Problem requirements:
Please set down each of the lines below once more, exactly, omitting all pictures.

Stored items:
○ ○ ○ ○

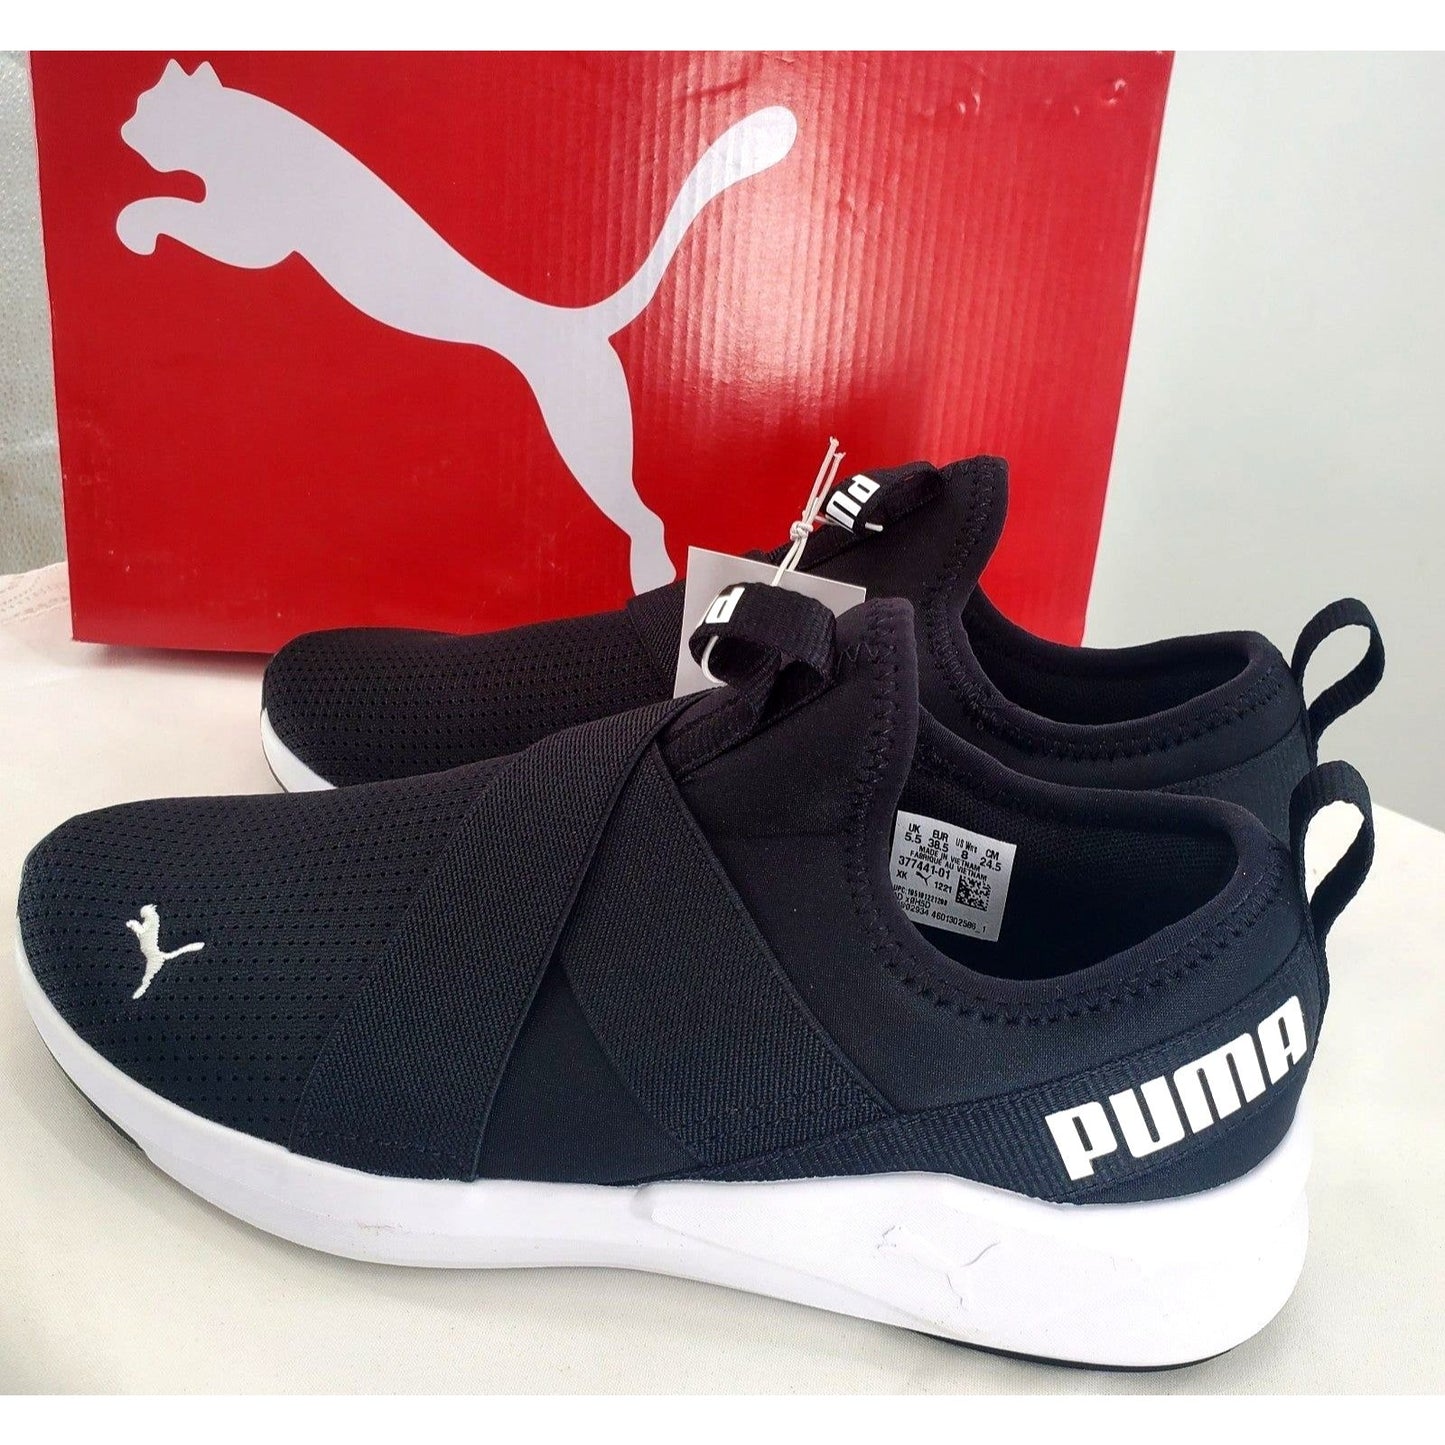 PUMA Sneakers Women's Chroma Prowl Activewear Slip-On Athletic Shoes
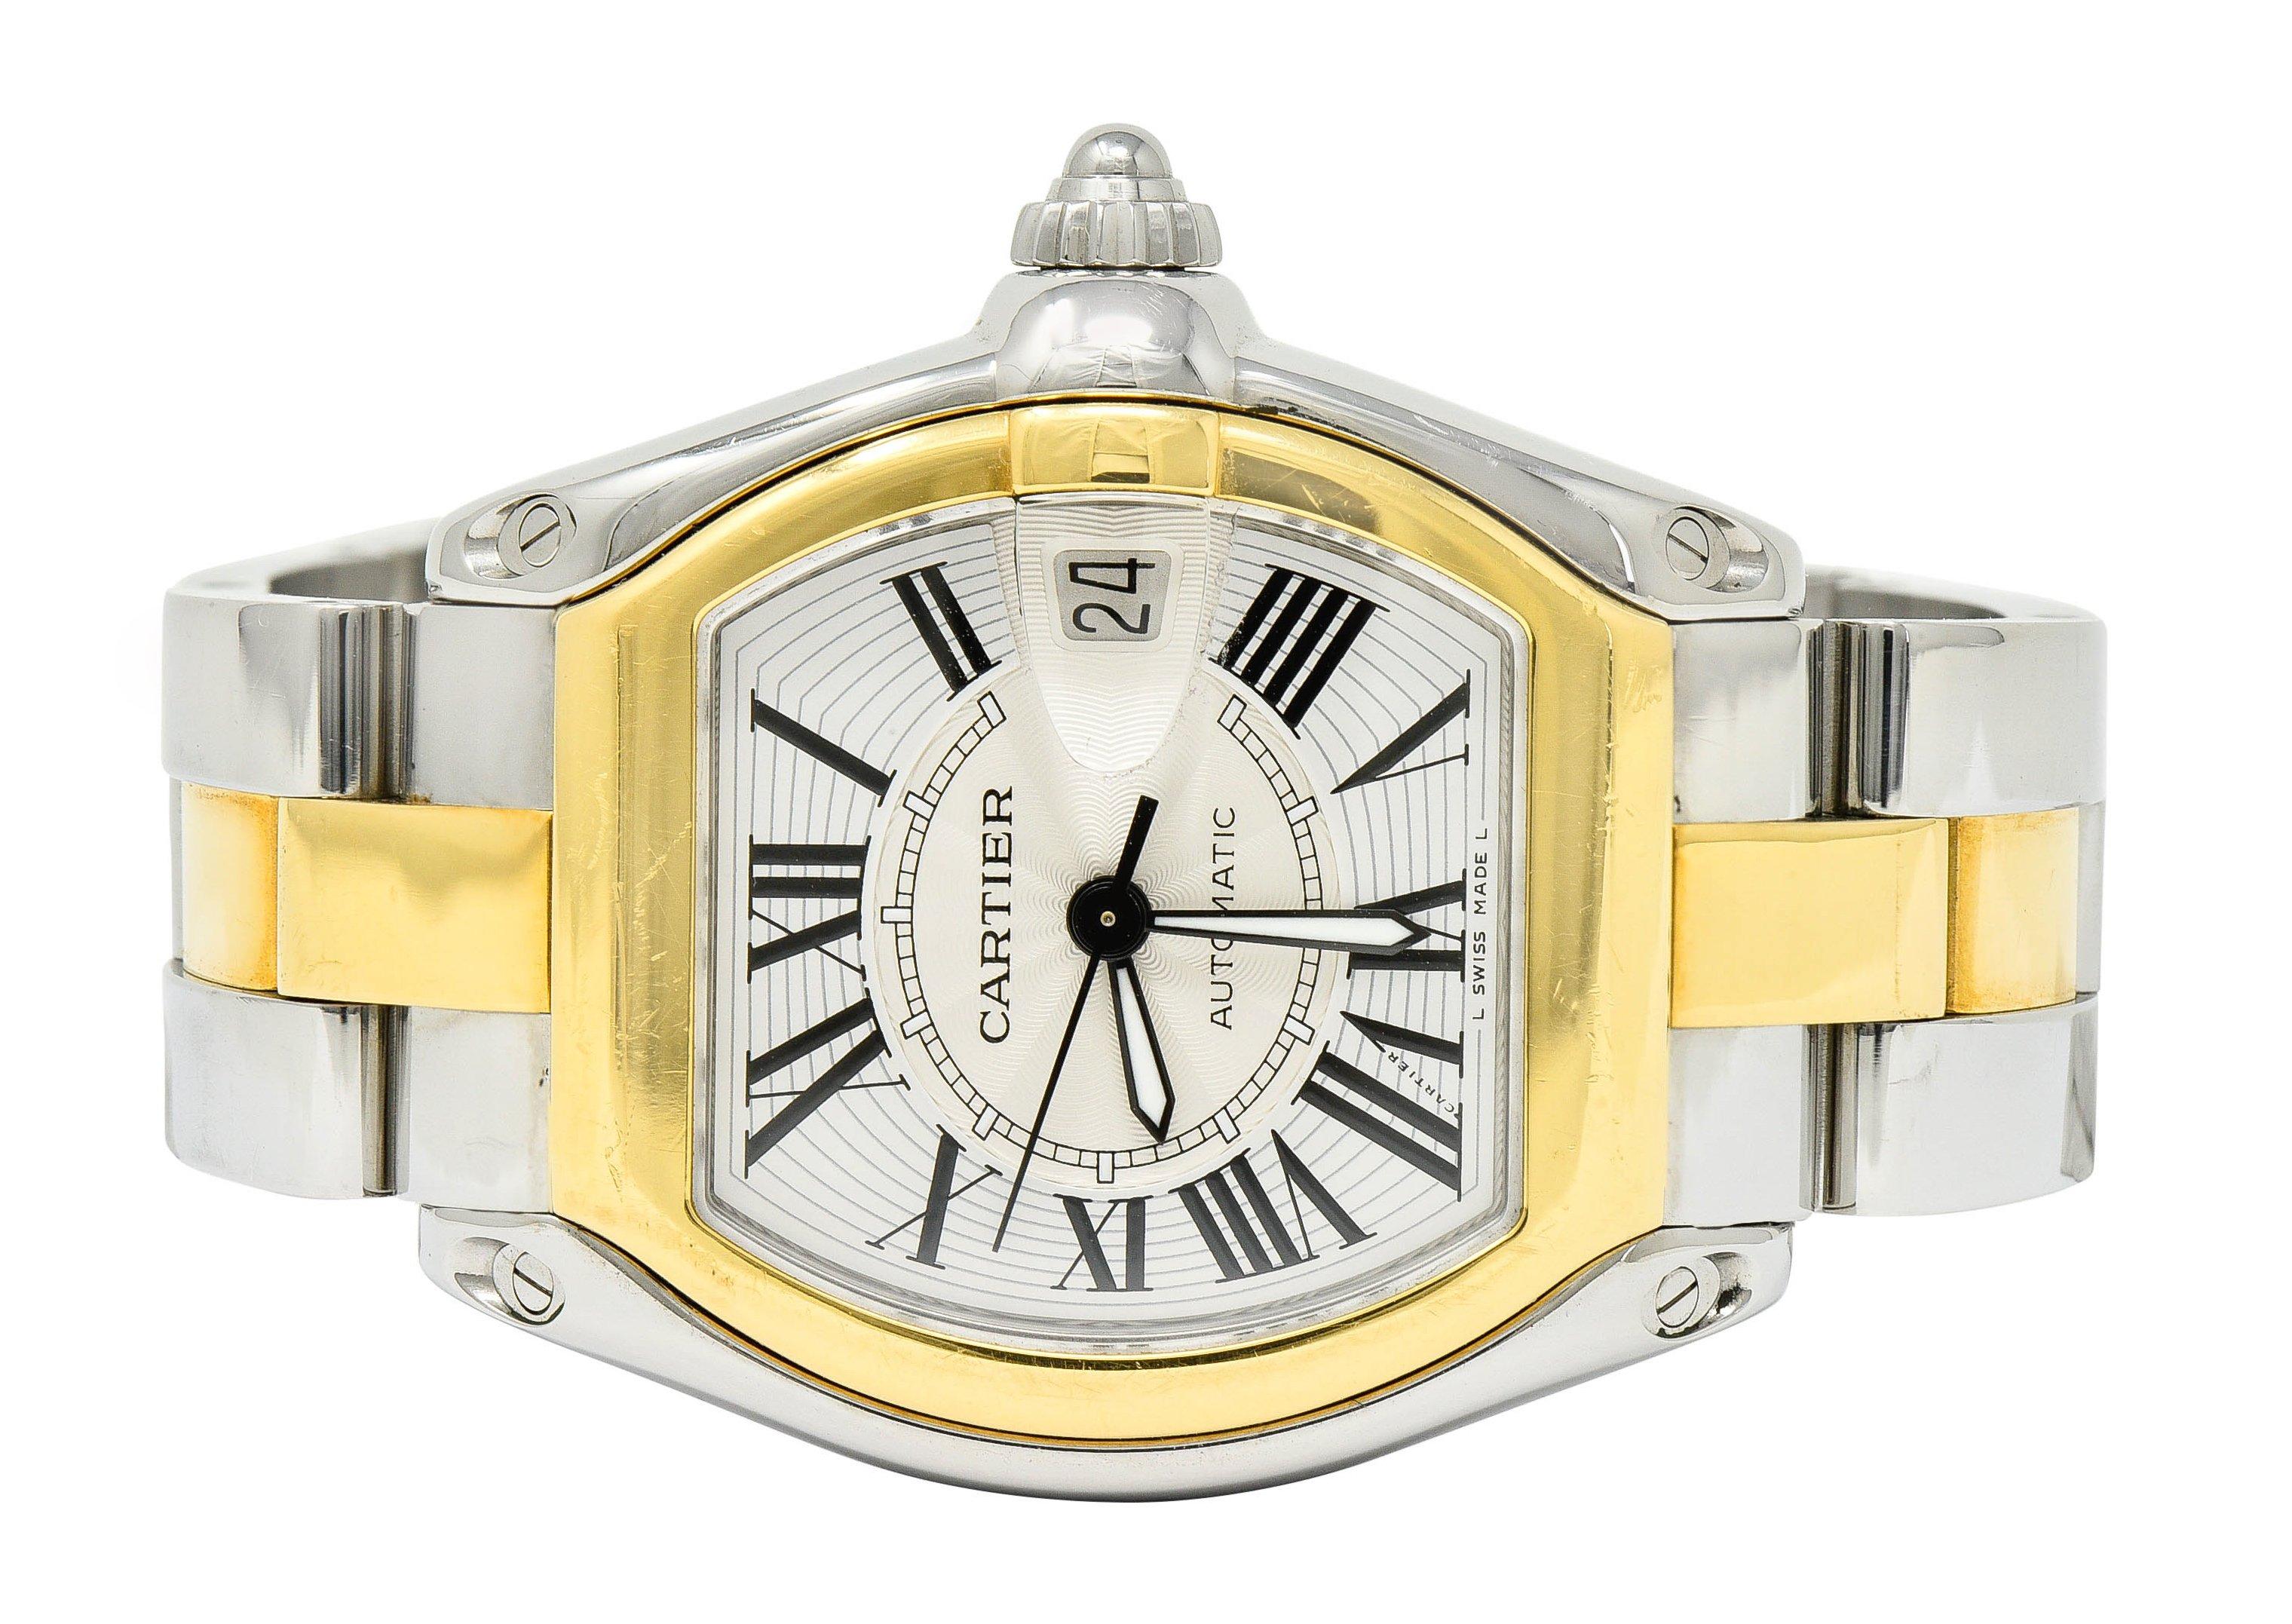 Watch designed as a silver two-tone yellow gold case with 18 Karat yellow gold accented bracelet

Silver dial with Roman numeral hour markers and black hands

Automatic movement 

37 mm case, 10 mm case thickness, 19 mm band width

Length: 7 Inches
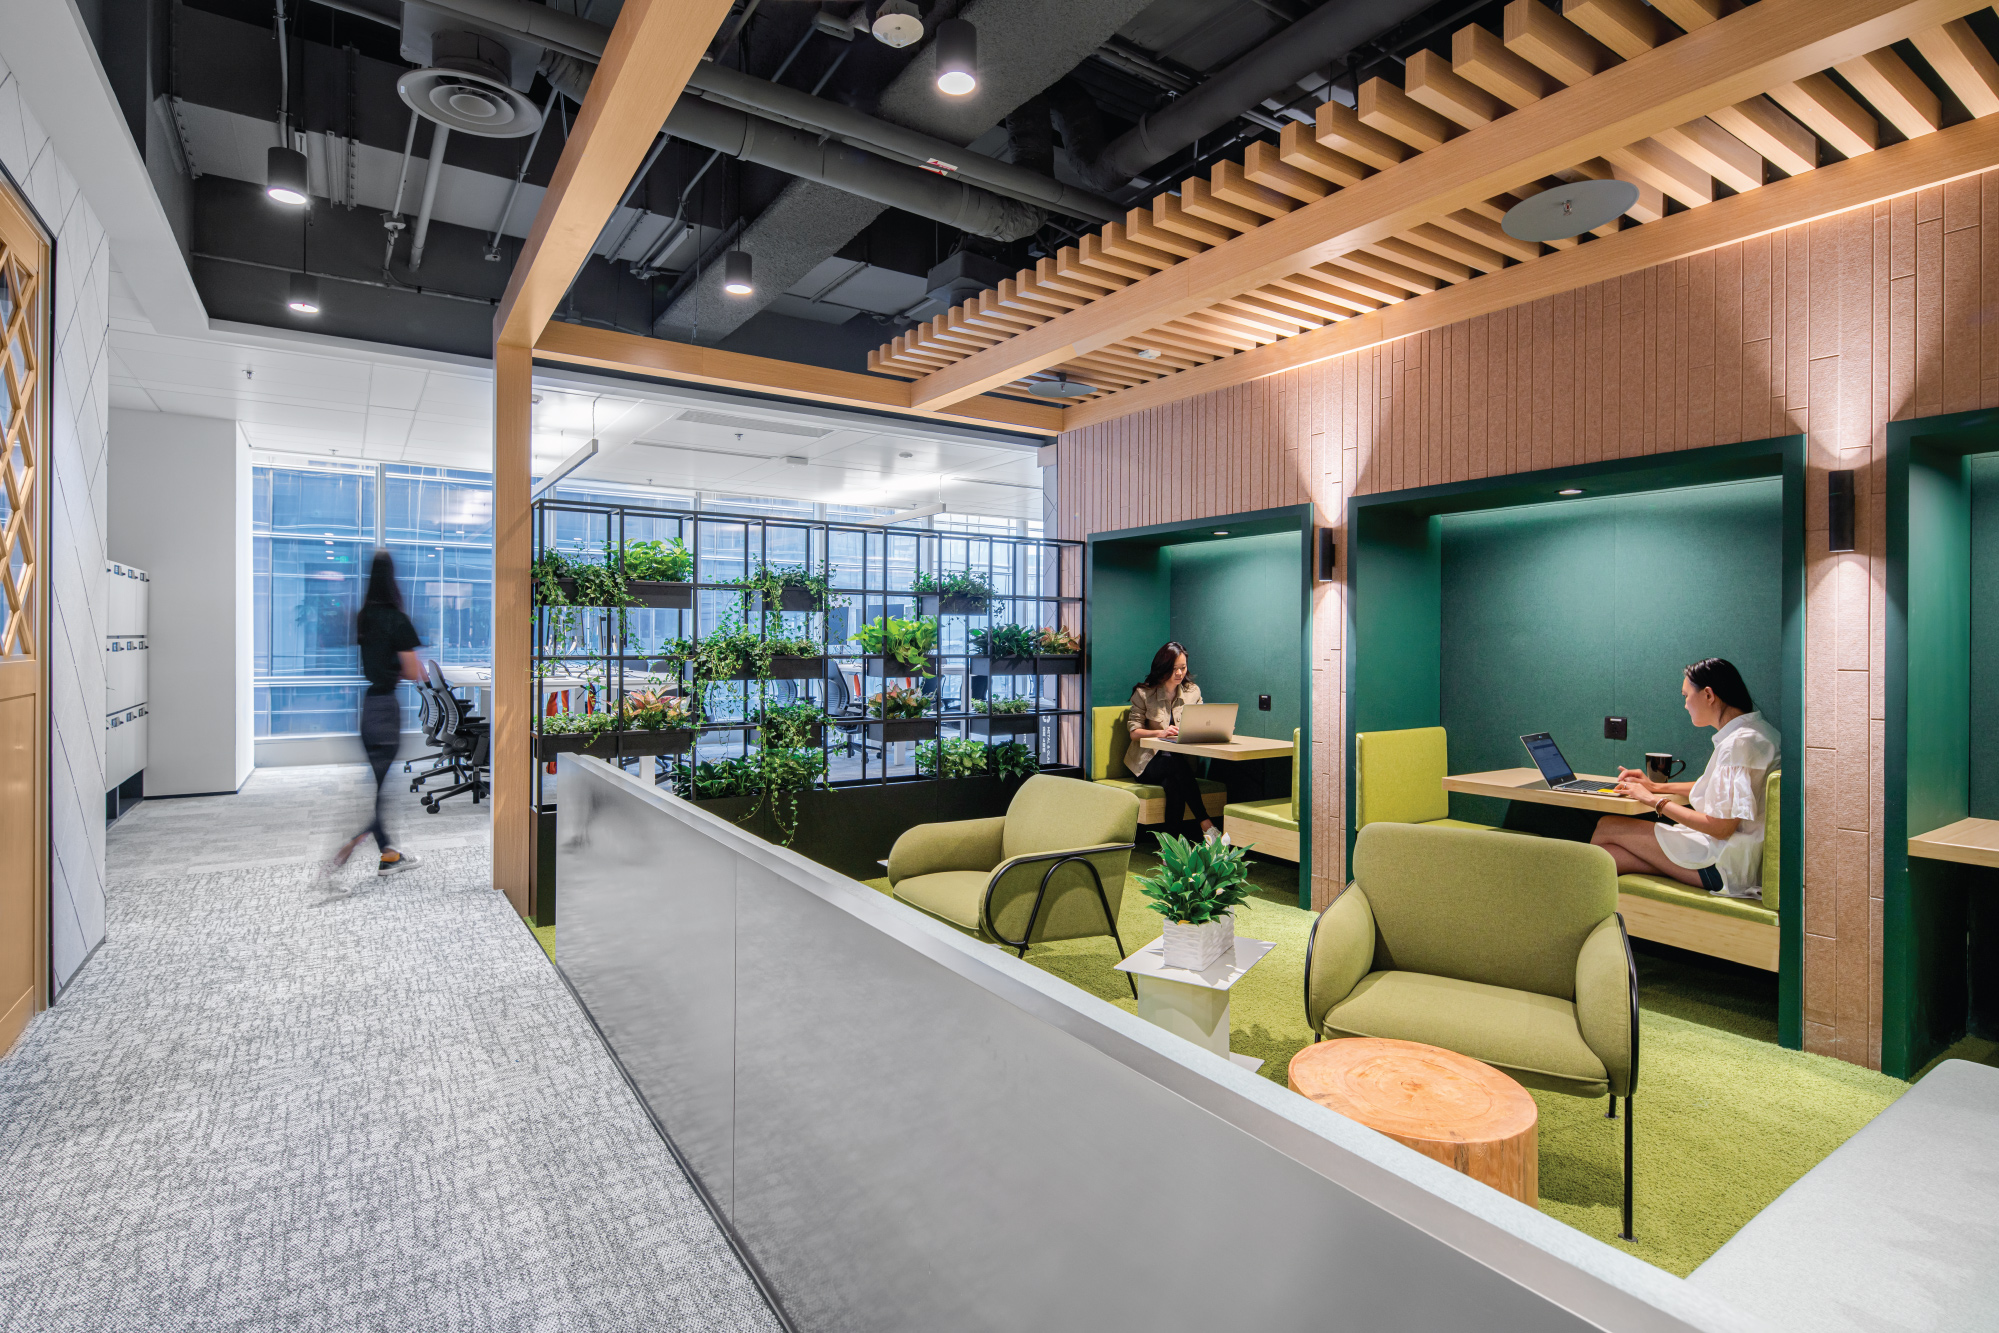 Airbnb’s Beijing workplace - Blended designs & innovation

○ ○ ○ ○

Solution below:
 PUMA Sneakers Women's Chroma Prowl Activewear Slip-On Athletic Shoes
 Watch designed as a silver two-tone yellow gold case with 18 Karat yellow gold accented bracelet

Silver dial with Roman numeral hour markers and black hands

Automatic movement 

37 mm case, 10 mm case thickness, 19 mm band width

Length: 7 Inches
 Airbnb’s Beijing workplace - Blended designs & innovation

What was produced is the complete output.